Repeat exactly the lines below from the line that contains "Altavoz Goody 2" to the last line, inclusive, without the pictures.

GIVEN INFORMATION
------
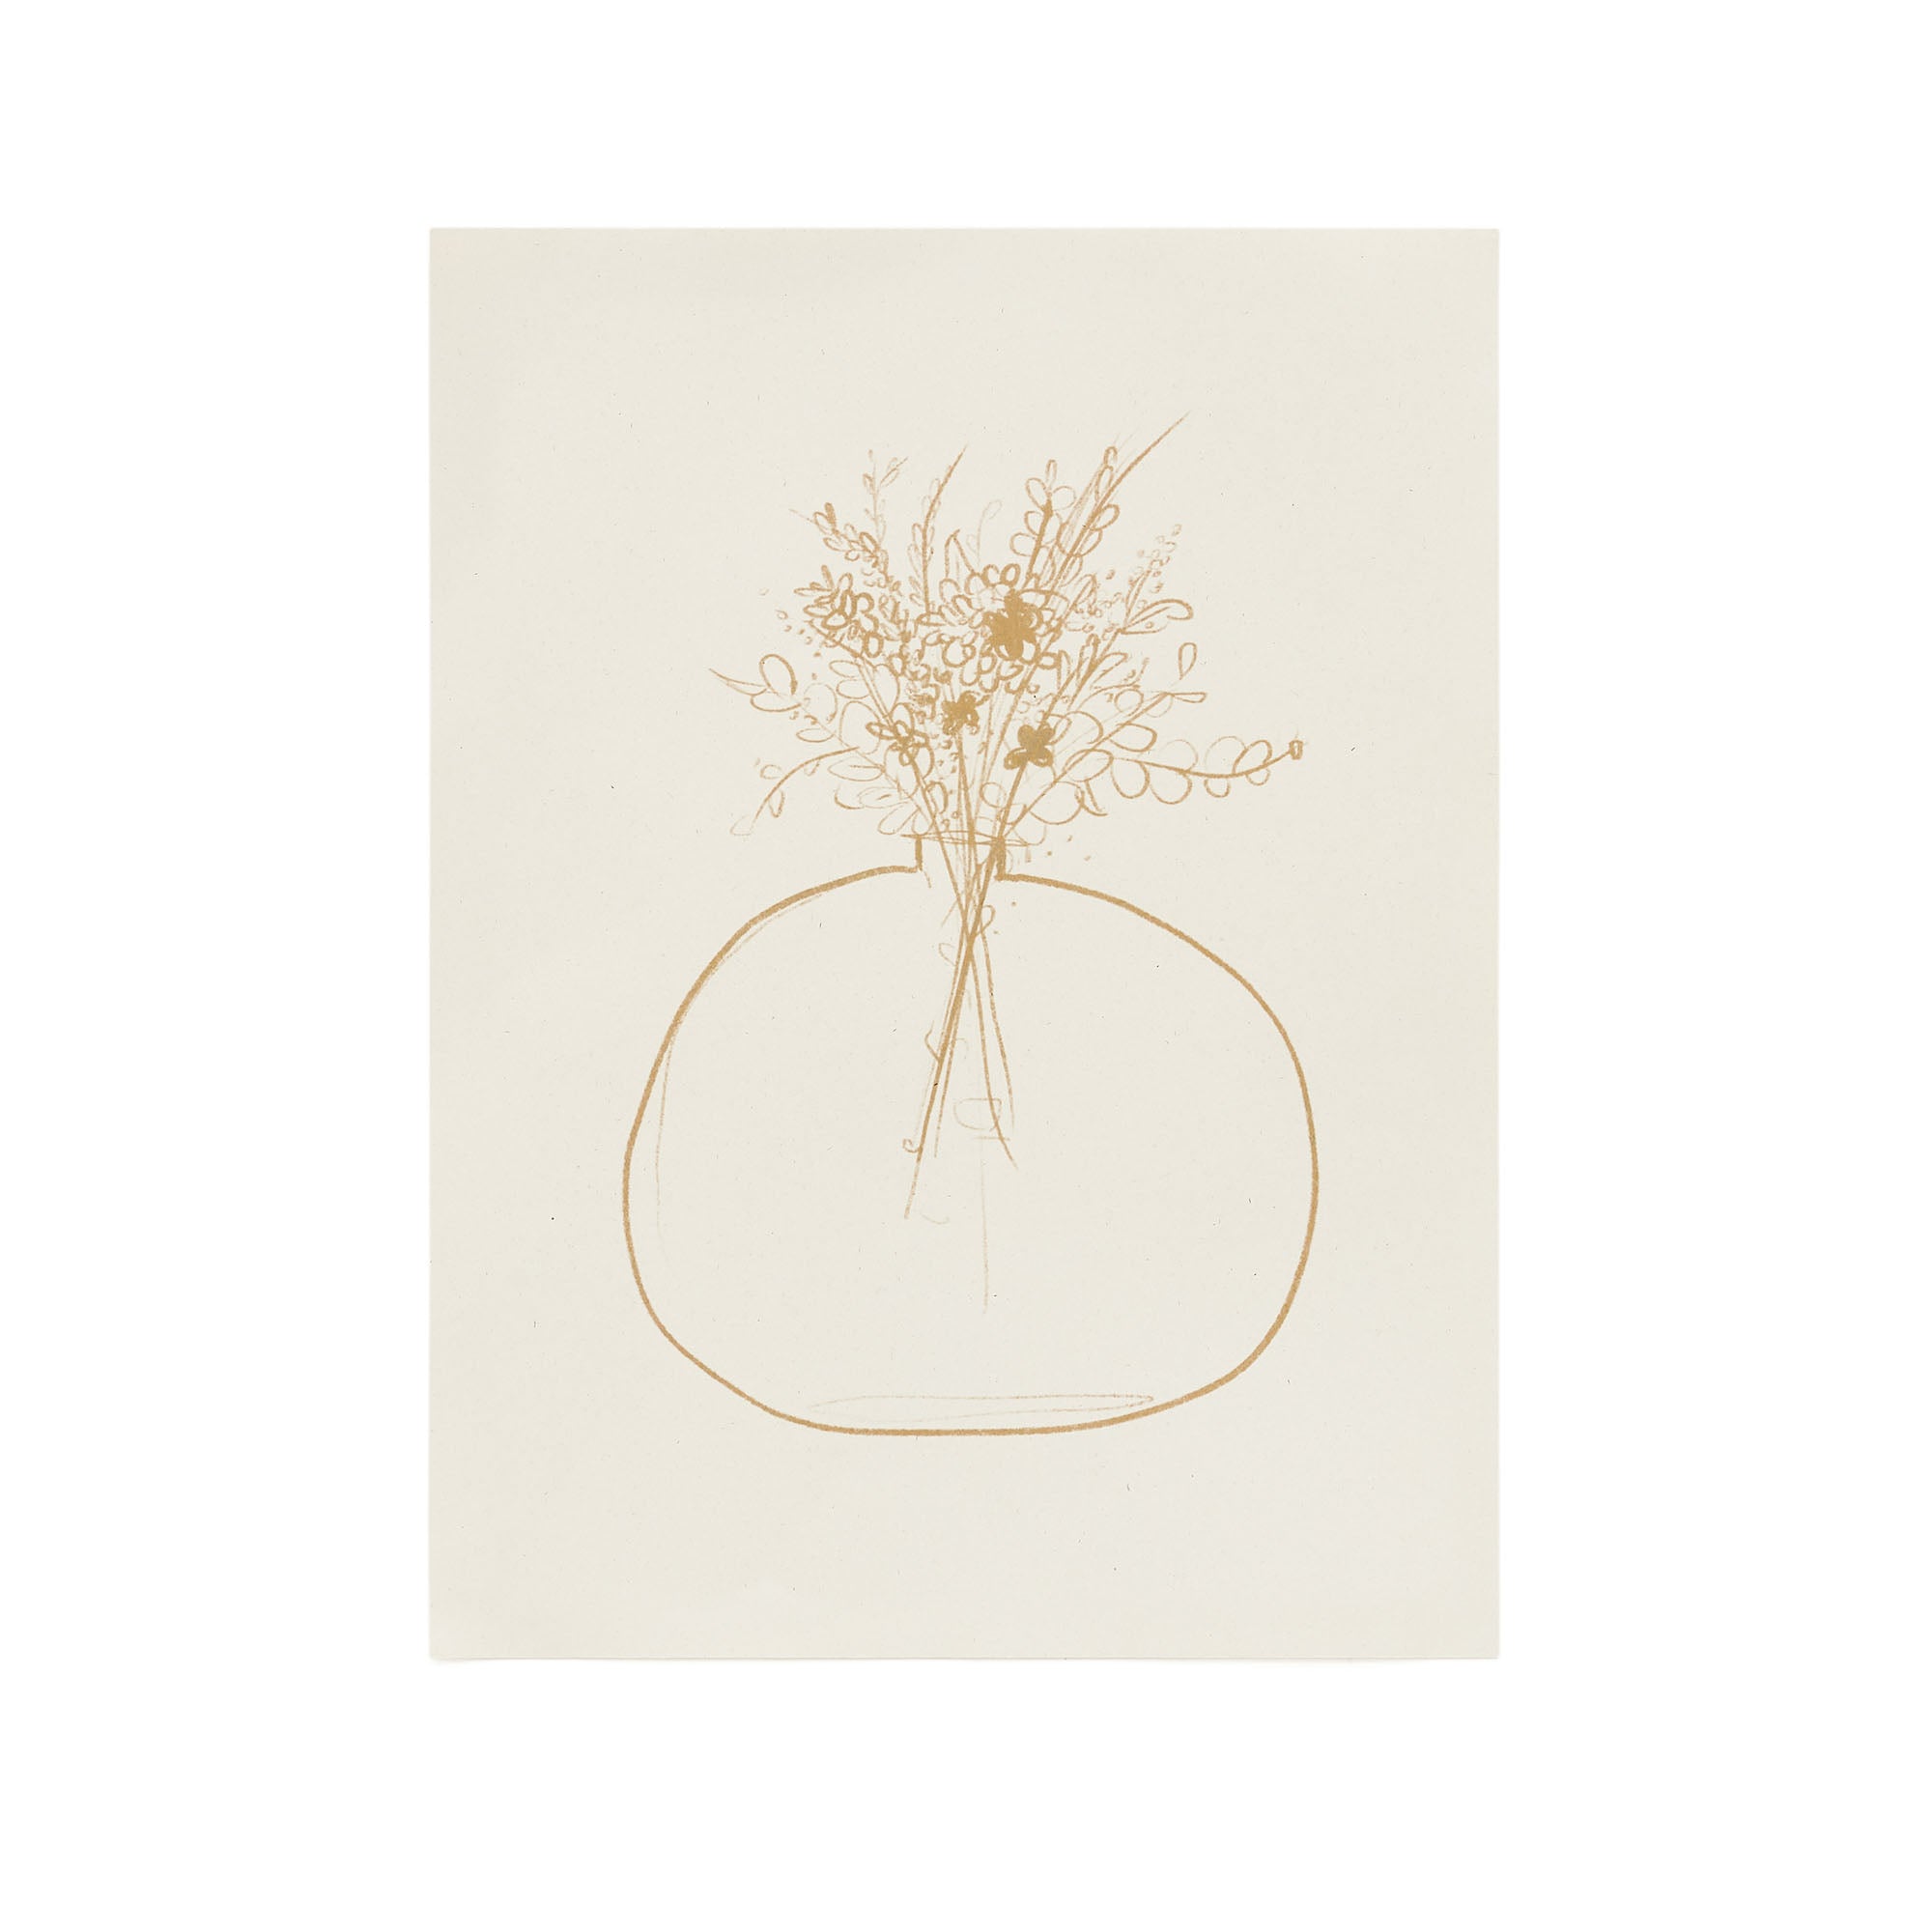 Erley beige paper print with mustard flower vase, 29.8 x 39.8 cm
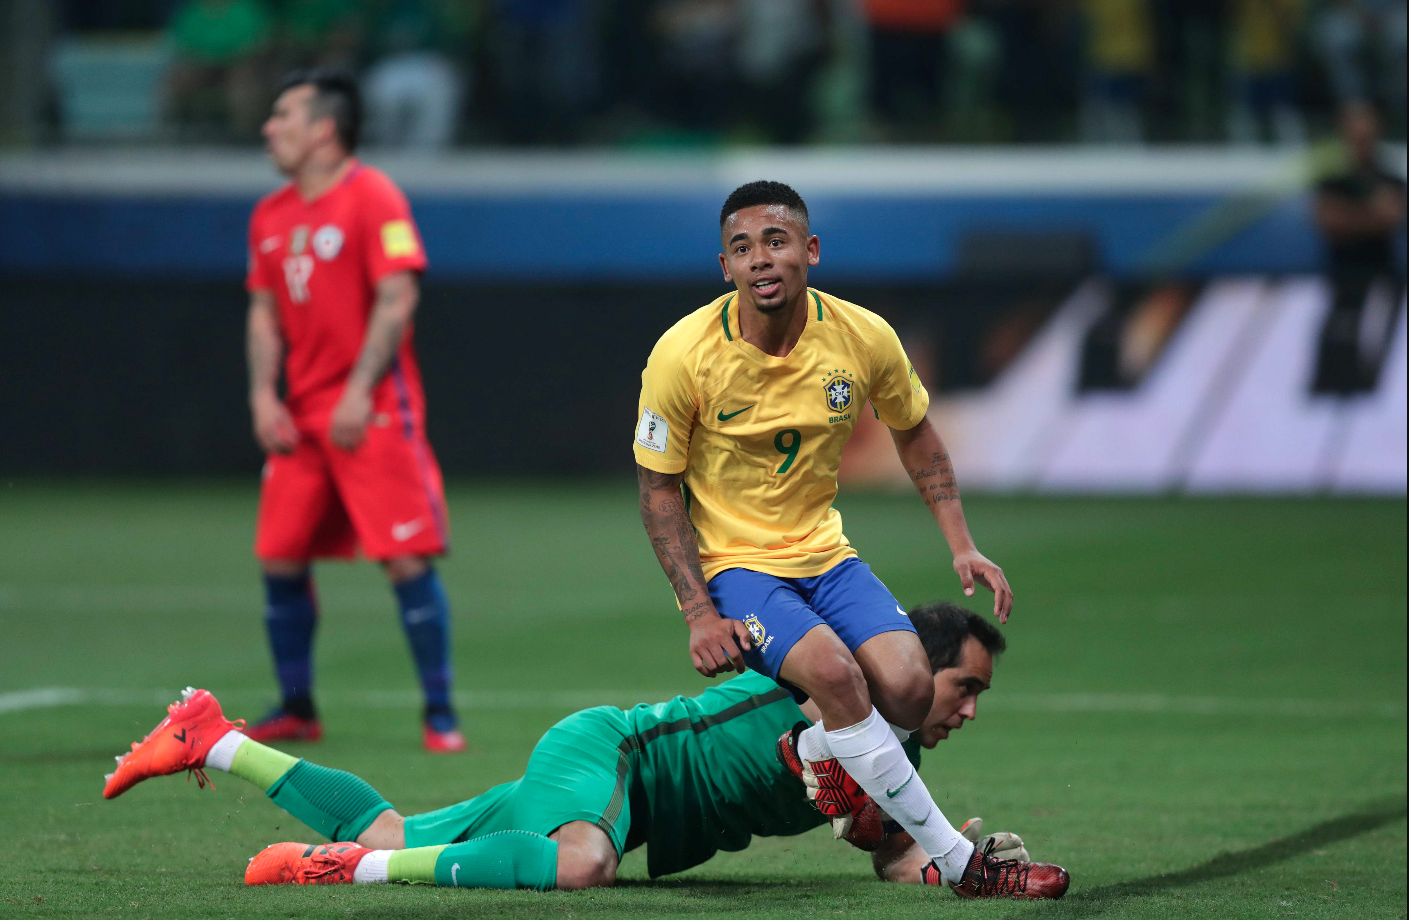 El último Chile vs. Brasil tuvo lugar en octubre de 2017 acabó 3-0 a favor del Scratch. Foto: Efe
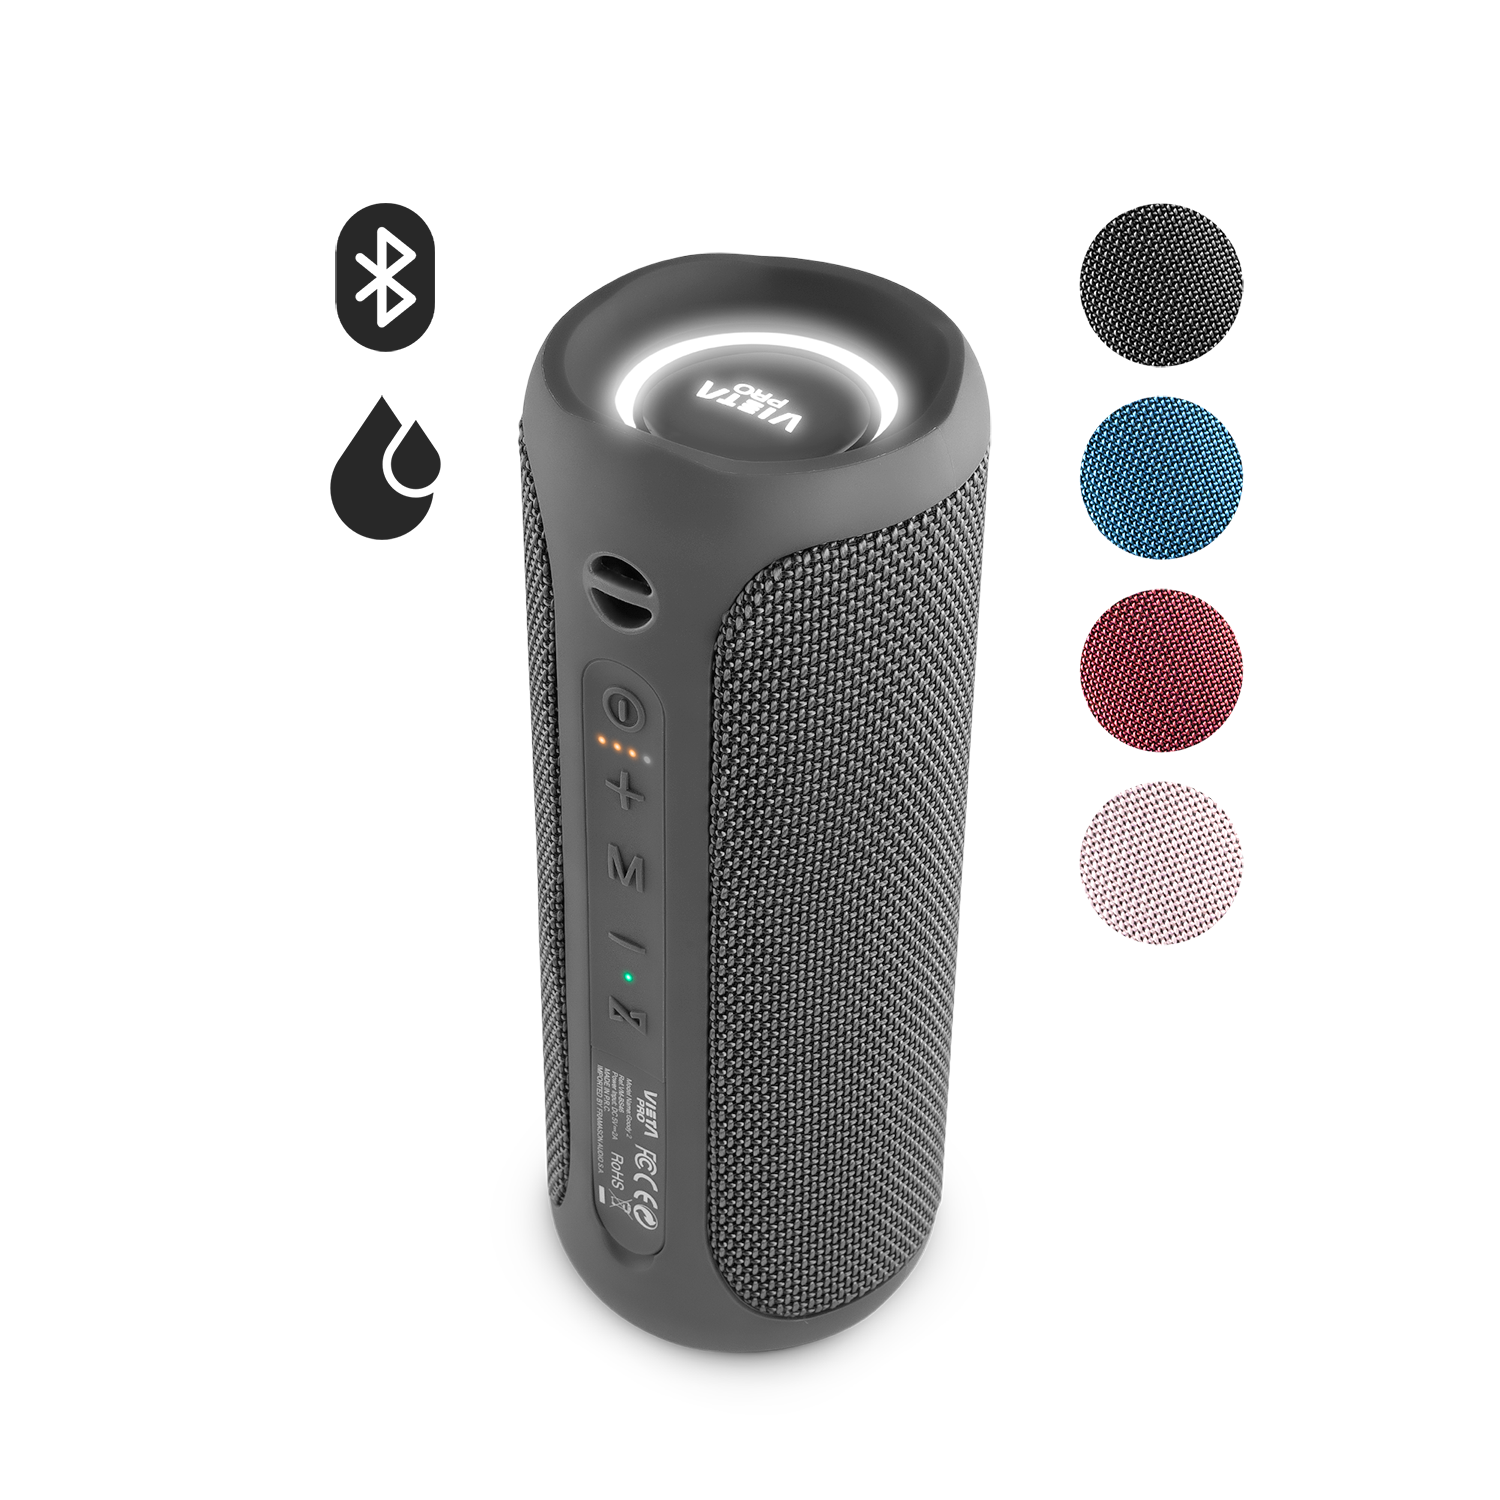 Altavoz Goody 2 de Vieta Pro, con Bluetooth 5.0, True Wireless, Micrófono,  Radio FM, 12 horas de batería, Resistencia al agua IPX7, entrada auxiliar y  botón directo al asistente virtual, color rosa. 
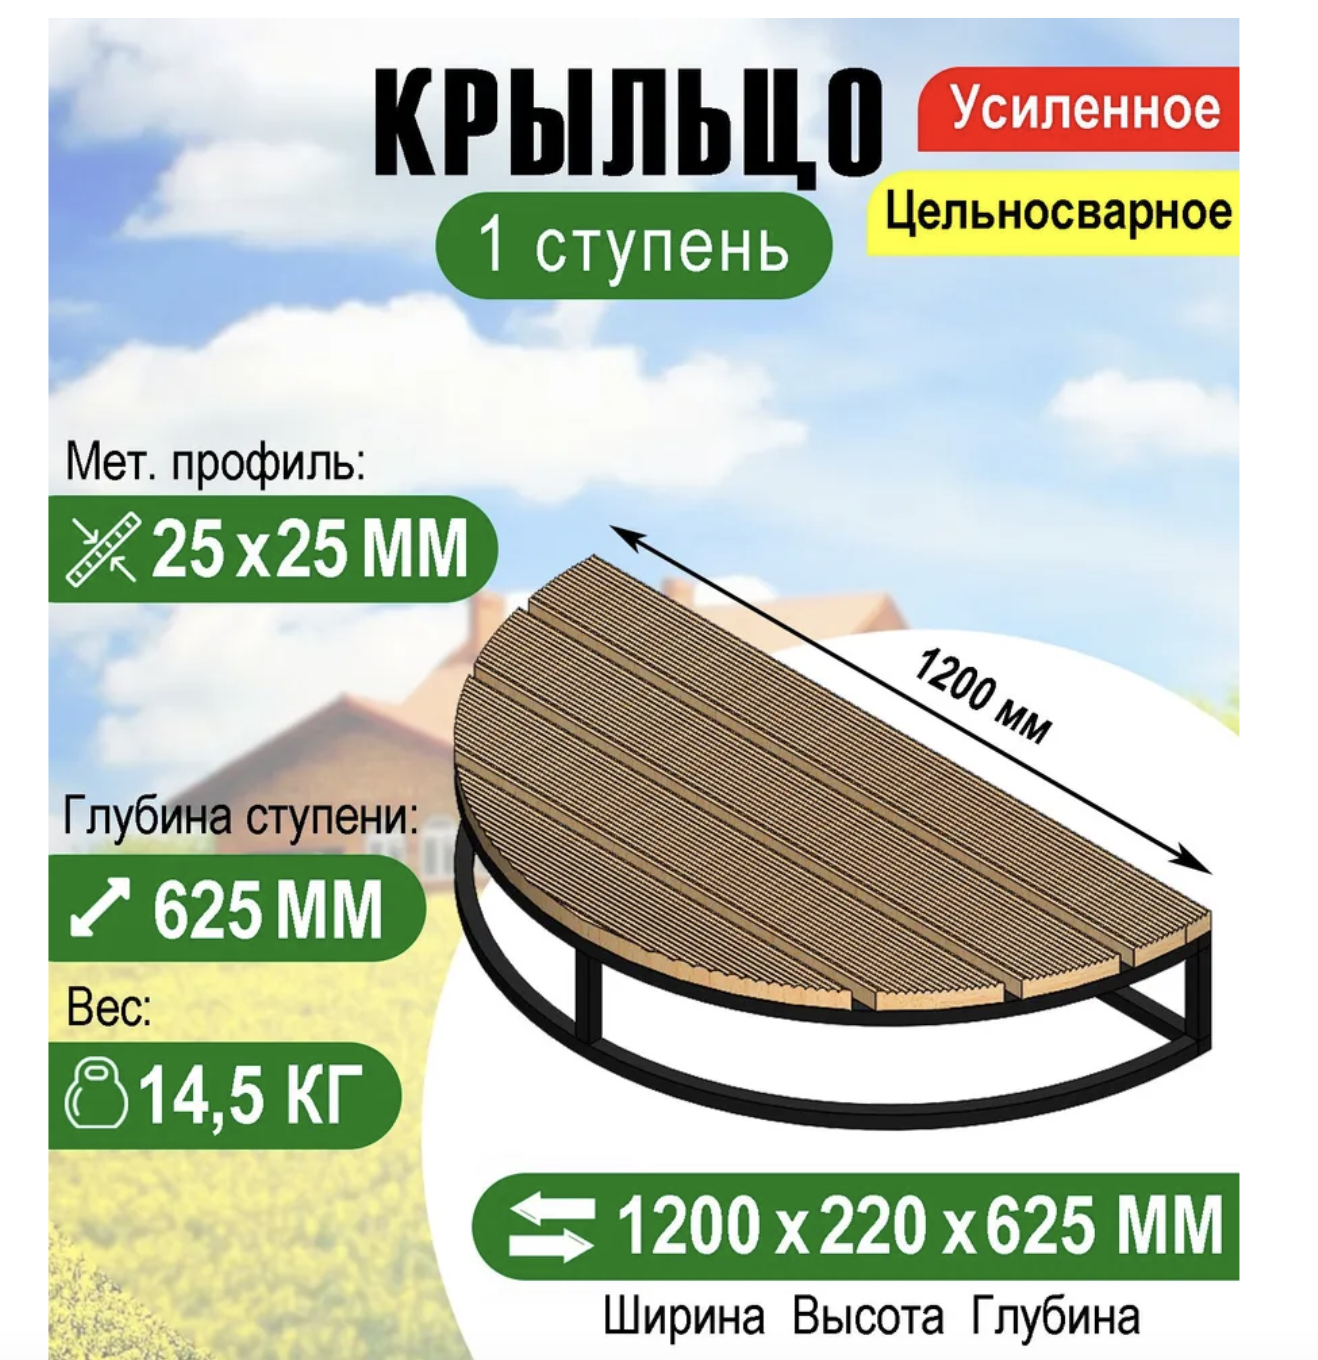 Купить крыльцо площадку к дому в Украине с террасной доской
------
THE ANSWER
 Altavoz Goody 2 de Vieta Pro, con Bluetooth 5.0, True Wireless, Micrófono,  Radio FM, 12 horas de batería, Resistencia al agua IPX7, entrada auxiliar y  botón directo al asistente virtual, color rosa. 
 Купить крыльцо площадку к дому в Украине с террасной доской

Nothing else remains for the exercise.